Type of information:

experimental study

Adequacy of study:

weight of evidence

Study period:

April 2008 - August 2010

Reliability:

1 (reliable without restriction)

Rationale for reliability incl. deficiencies:

guideline study

Qualifier:

according to guideline

Guideline:

OECD Guideline 422 (Combined Repeated Dose Toxicity Study with the Reproduction / Developmental Toxicity Screening Test)

Deviations:

GLP compliance:

yes (incl. QA statement)

Limit test:

Species:

rat

Strain:

Sprague-Dawley

Sex:

male/female

Details on test animals or test system and environmental conditions:

TEST ANIMALS
- Source: Janvier, Le Genest-Saint-Isle, France
- Age at study initiation: 10 weeks old
- Weight at study initiation: 402 - 454 g (males) / 244 - 285 g (females)
- Fasting period before study: no
- Housing: individual (except during pairing), in wire-mesh cages (43 x 21.5 x 18 cm) or polycarbonate cages (43 x 21.5 x 20 cm) for females during lactation
- Diet: ad libitum
- Water: ad libitum
- Acclimation period: 6 days

ENVIRONMENTAL CONDITIONS
- Temperature: 22 ± 2°C
- Humidity: 50 ± 20°C
- Air changes: about 12 per hr
- Photoperiod: 12 hrs dark / 12 hrs light (7.00 am - 7.00 pm)
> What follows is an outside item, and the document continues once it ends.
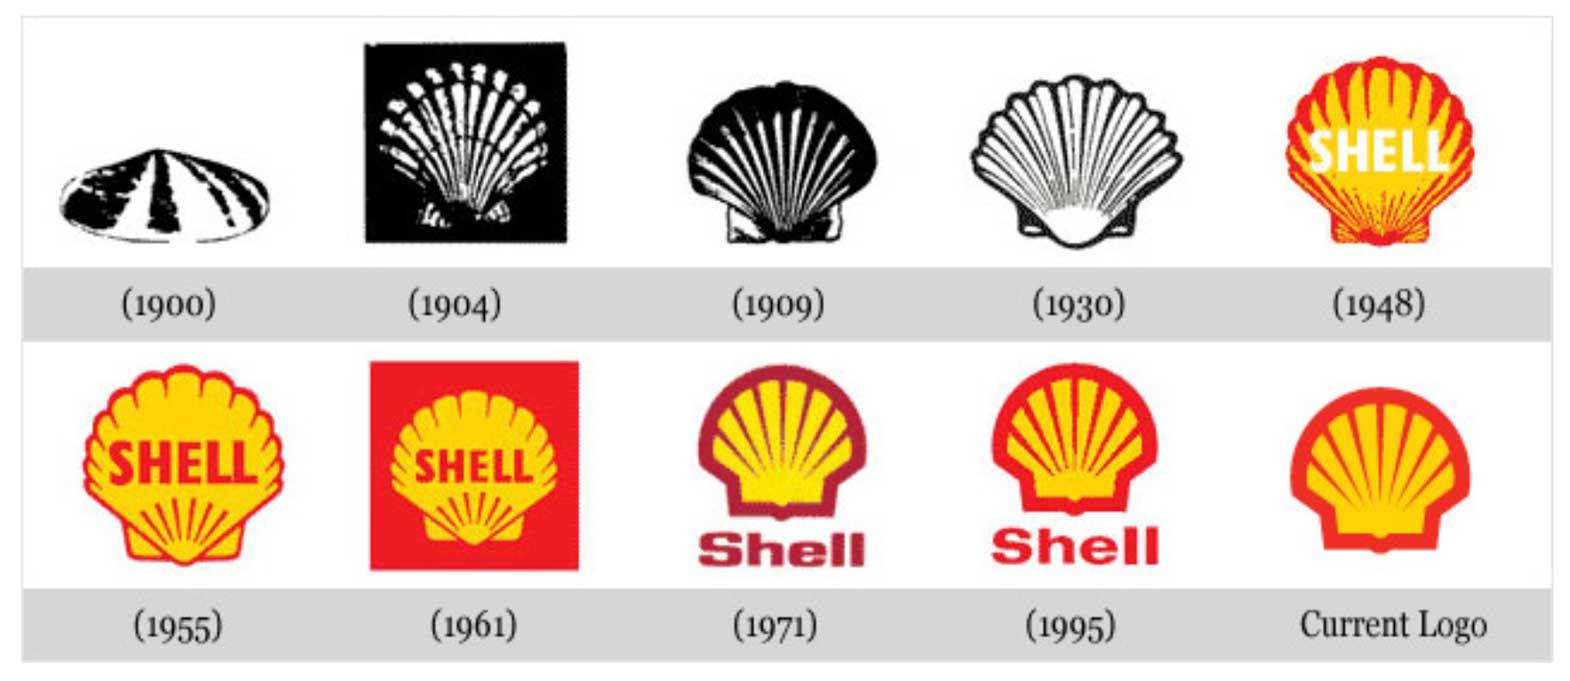 Shell logo progression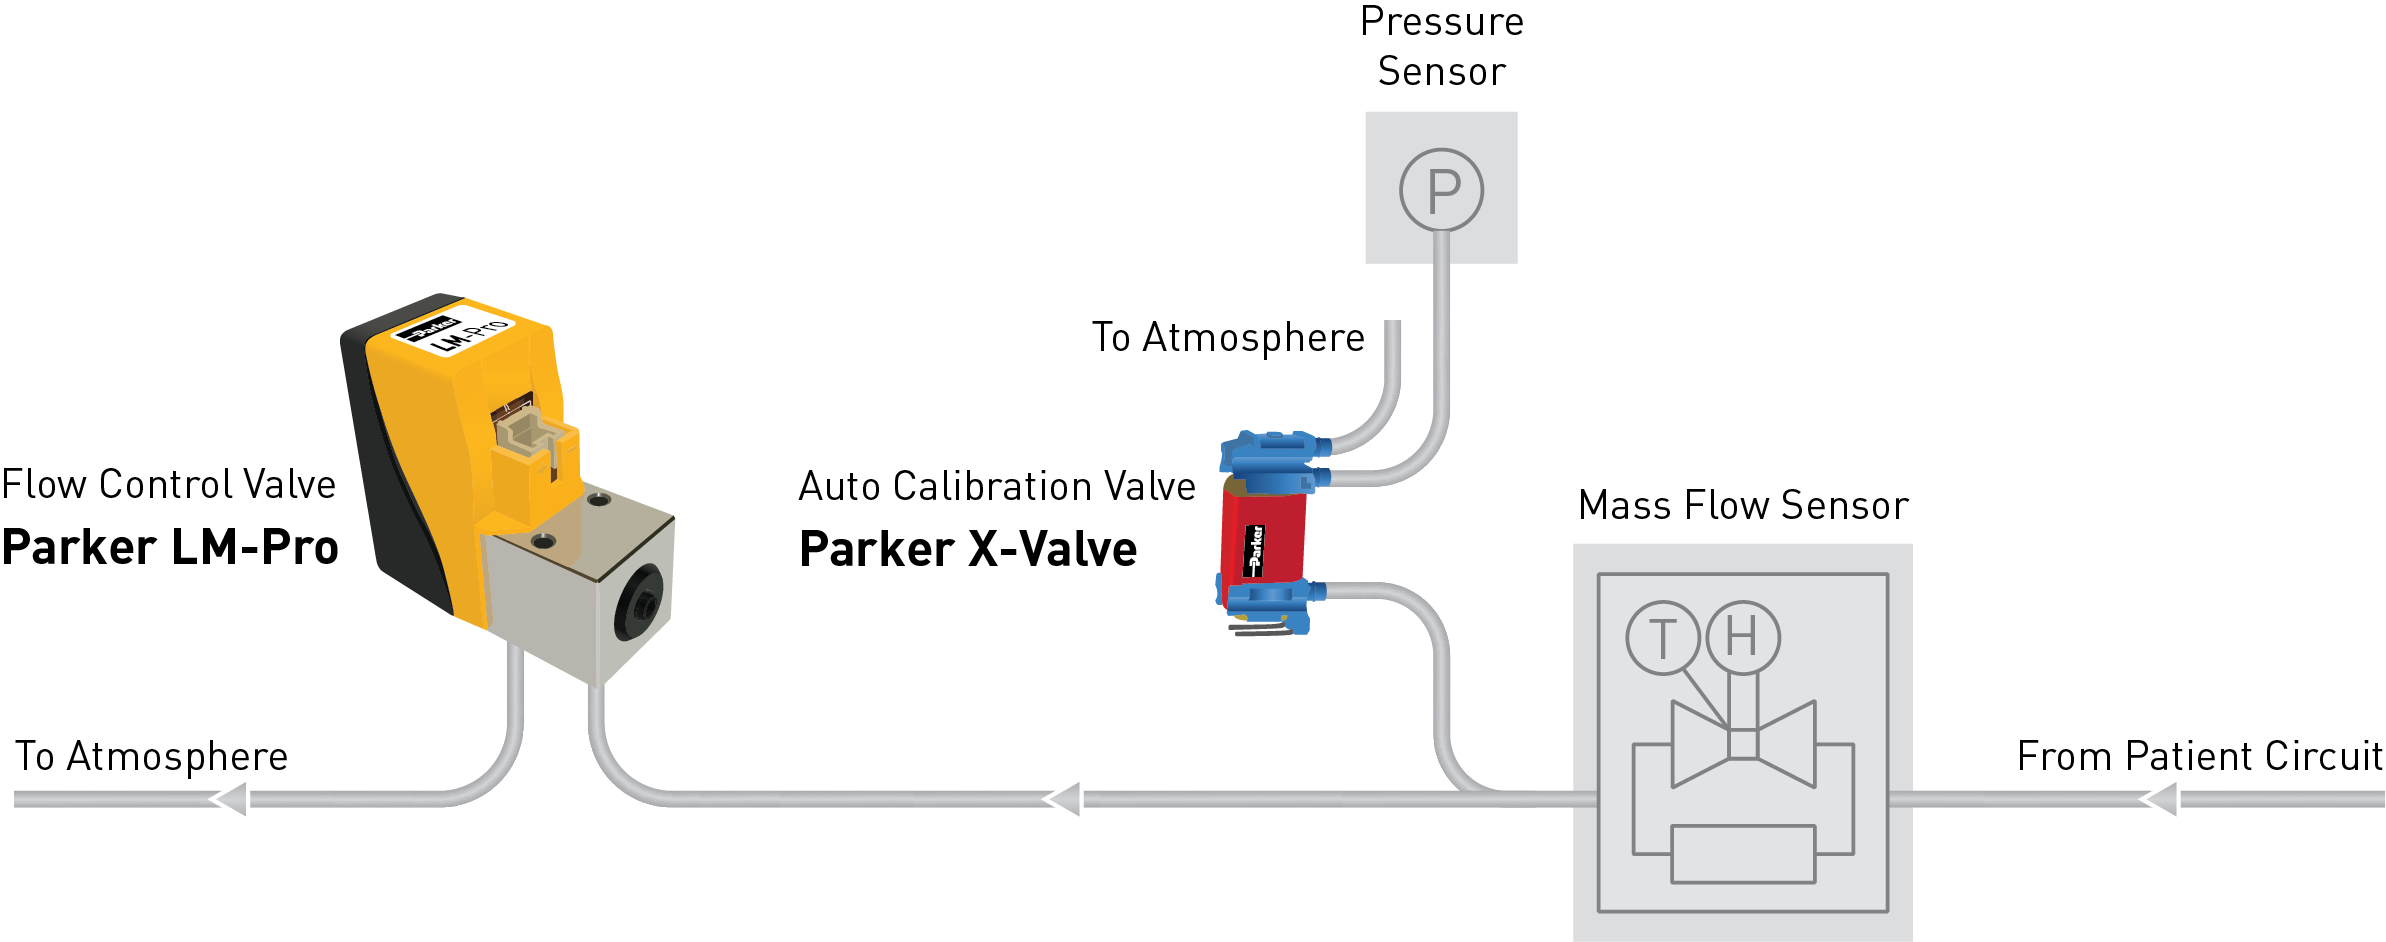 Parker Precision Fluidics LM-Pro Miniature Proportional Ventilator Inspiratory Flow Diagram

IN-LIFE DATES: From 14 May 2008 To 14 July 2008

Route of administration:

oral: gavage

Vehicle:

other: 0.5% aqueous methylcellulose solution

Details on exposure:

PREPARATION OF DOSING SOLUTIONS:
- Test item ground to fine powder using mortar and pestle, suspended in vehicle and homogenized by magnetic stirrer
- Dosing solutions prepared for use for up to 12 days and stored in brown flasks at +4°C, protected from light, prior to use

VEHICLE
- Justification for use and choice of vehicle (if other than water): appropriate for oral suspensions
- Concentration in vehicle: 30, 90 or 200 mg/mL
- Amount of vehicle (if gavage): 5 mL/kg
- Lot/batch no. (if required): Sigma batches 017K0052 and 066K0129 (methylcellulose)
- Purity: 0.5%

Details on mating procedure:

- M/F ratio per cage: one female was placed with one male
- Length of cohabitation: Each female was placed with the same male until mating occurs or 14 days had elapsed. Any pairs with no evidence of mating after 14 days were separated and the female was placed for 7 days with a different male from the same dose level group who had already mated.
- Proof of pregnancy: Confirmation of mating was made in the morning, every day up to proof of mating, by checking for the presence of a vaginal plug or of sperm in a vaginal lavage.
- Further matings after two unsuccessful attempts: no
- After successful mating each pregnant female was caged (how): individually
- Any other deviations from standard protocol: no

Analytical verification of doses or concentrations:

yes

Details on analytical verification of doses or concentrations:

During the pre-study period, the homogeneity, stability and concentration of two dosage forms prepared at low and high concentrations (33.6 and 230 mg/mL) were checked using ICP-OES (Inductively Coupled Plasma-Optical Emission Spectrometry) after validation of the analytical method. The results showed acceptable homogeneity and stability of both concentrations over 12 days of storage at +4°C protected from light.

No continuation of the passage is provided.